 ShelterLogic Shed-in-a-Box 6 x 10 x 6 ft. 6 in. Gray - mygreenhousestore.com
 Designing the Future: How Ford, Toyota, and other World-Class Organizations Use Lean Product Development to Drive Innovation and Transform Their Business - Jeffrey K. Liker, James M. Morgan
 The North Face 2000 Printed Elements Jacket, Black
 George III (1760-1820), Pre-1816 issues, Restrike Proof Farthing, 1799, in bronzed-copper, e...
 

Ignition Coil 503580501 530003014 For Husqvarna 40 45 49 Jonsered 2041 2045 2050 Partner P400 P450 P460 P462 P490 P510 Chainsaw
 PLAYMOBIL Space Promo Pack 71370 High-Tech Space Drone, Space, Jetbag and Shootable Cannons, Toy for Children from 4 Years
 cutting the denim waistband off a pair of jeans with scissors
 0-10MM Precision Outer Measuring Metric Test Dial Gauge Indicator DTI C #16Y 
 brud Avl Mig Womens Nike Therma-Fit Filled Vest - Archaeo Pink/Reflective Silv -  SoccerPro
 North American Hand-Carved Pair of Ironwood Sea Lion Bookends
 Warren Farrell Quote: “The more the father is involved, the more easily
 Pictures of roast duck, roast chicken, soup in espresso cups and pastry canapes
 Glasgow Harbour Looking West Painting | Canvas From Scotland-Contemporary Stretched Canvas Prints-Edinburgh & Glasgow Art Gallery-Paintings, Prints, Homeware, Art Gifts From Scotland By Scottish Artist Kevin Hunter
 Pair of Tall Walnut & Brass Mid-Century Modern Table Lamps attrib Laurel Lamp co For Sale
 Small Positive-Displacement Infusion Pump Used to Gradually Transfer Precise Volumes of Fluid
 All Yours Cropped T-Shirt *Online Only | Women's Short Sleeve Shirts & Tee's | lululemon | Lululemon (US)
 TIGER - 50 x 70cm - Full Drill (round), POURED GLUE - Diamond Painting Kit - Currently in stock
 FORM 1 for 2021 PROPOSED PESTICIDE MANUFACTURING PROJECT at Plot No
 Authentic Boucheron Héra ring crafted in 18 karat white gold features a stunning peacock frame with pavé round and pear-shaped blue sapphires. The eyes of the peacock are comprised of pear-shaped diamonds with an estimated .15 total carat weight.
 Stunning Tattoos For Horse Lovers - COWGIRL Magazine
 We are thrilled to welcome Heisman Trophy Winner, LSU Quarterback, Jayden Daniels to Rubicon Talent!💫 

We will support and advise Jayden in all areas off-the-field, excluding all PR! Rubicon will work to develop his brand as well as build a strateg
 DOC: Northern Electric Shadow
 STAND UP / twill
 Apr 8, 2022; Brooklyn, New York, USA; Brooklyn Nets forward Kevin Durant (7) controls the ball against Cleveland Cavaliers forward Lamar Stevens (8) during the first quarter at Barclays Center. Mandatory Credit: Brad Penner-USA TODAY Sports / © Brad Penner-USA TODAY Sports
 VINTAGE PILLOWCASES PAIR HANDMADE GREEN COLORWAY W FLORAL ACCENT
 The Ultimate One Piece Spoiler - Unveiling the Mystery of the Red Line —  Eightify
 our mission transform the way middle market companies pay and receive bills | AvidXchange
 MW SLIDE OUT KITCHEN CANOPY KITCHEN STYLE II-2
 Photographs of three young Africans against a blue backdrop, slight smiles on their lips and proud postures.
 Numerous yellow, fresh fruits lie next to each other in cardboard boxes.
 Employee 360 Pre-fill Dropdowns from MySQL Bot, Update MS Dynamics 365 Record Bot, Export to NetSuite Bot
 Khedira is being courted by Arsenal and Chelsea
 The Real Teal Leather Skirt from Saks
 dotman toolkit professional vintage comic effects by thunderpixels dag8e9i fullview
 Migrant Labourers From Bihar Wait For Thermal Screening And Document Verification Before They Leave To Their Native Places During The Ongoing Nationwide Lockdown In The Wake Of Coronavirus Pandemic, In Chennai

- _Work to complete_: Beginning with the line that holds "dotman toolkit professional" and ending with the last line of the listing, output every line exactly. Leave out everything else.

- _Task output_:
 dotman toolkit professional vintage comic effects by thunderpixels dag8e9i fullview
 Migrant Labourers From Bihar Wait For Thermal Screening And Document Verification Before They Leave To Their Native Places During The Ongoing Nationwide Lockdown In The Wake Of Coronavirus Pandemic, In Chennai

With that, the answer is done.